FILM director George Miller of Mad Max fame is used to viewing the world through a camera. But as one of the Australian Museum's newly chosen 200 treasures – along with Australia's first female prime minister Julia Gillard, a 2800-year-old Egyptian mummy and a Tasmanian tiger pup – his image will shine brightly inside and outside the museum.
Mr Miller is one of 100 people living and dead – including Billy Hughes, Eddie Mabo, Cathy Freeman, Bob Hawke and Sir Donald Bradman – who the museum selected because they had shaped the nation through contributions to history, science and nature or culture.
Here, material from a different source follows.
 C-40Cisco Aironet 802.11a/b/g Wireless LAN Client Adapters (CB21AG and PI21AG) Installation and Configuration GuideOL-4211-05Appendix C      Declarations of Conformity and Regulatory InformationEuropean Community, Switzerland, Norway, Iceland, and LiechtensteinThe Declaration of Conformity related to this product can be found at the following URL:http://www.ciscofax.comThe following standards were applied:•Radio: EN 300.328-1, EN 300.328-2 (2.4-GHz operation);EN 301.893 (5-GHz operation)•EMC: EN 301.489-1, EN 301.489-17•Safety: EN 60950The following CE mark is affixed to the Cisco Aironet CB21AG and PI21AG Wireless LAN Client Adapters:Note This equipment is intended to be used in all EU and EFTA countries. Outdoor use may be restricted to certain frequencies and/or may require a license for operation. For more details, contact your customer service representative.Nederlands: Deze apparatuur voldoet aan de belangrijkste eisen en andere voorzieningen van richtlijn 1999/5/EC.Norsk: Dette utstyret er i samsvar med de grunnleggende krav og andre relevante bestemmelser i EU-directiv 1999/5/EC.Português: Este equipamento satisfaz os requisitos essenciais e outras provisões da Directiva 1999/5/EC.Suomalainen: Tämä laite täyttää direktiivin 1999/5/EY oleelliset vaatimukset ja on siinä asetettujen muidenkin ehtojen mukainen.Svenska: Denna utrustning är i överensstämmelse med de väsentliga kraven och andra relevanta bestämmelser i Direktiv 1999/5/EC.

Attending the launch in the newly restored Westpac Long Gallery, Mr Miller said the honour was surprising, especially as his mother attended the National School – which now forms part of the Museum – as a girl about 90 years ago.
"Today is a big Mum day because it goes back a long way," said Dr Miller, who also made The Dismissal and Babe.
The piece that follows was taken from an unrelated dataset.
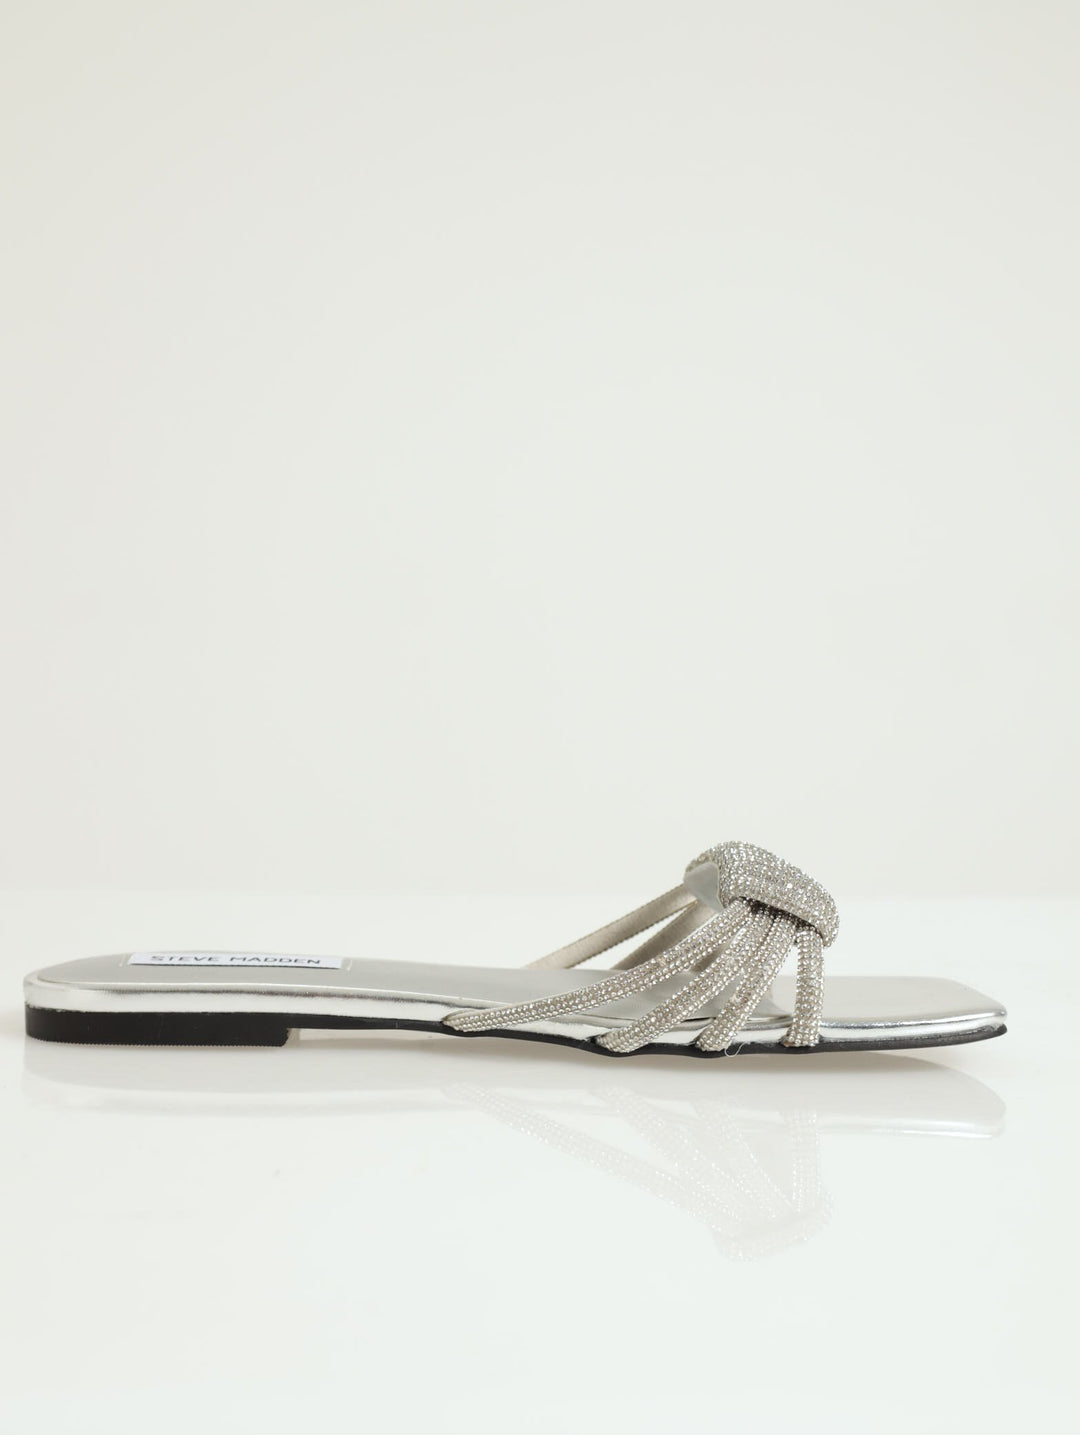 Harmoney Glitz Mule Flat Sandal - Silver

When the Long Gallery first opened at the Australian Museum in May 1857, nearly a quarter of Sydney's 45,000 residents – equivalent to a million people today – visited within a week to see stuffed cabinets stuffed with jaw-dropping curiosities and lit by gas lamps.
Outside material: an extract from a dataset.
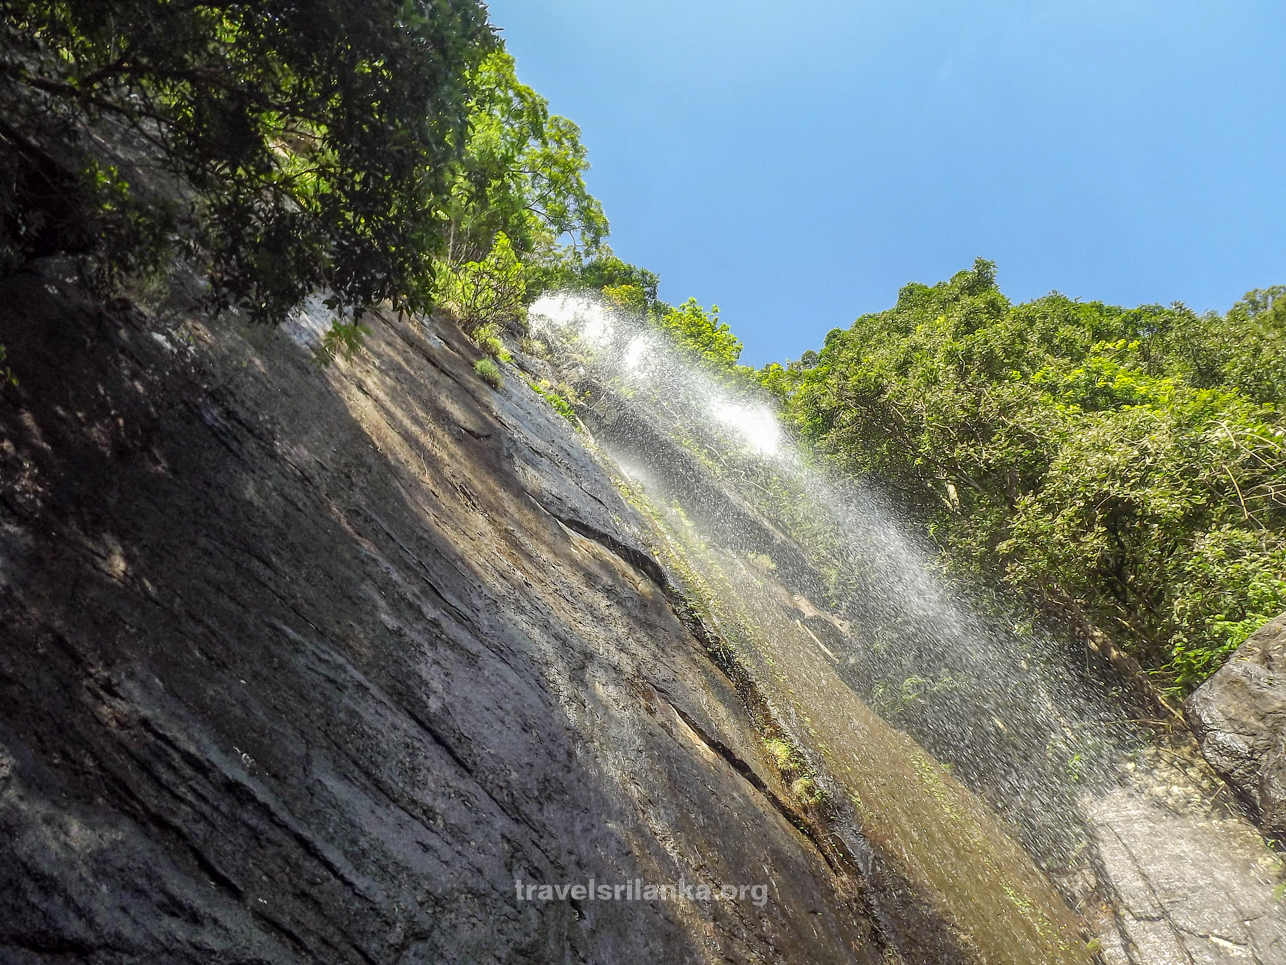 TravelSrilanka.org - Kombakadulla falls in knuckles

On Saturday the refurbished gallery reopens, showcasing 200 of the museum's 18 million treasures: 100 objects showcased in cabinets with related items that tell a story, and the stories of 100 people considered to be the nation's brave and the bold. Images of the 200 people and things will be projected nightly in a Vivid-style light show from sunset from October 13 to 22.
Museum director Kim McKay hopes the quirky collection will pique visitors' thirst for knowledge enough that they will come back again and again, and give the world's fifth oldest natural science museum and Australia's first museum the stature she believes it deserves.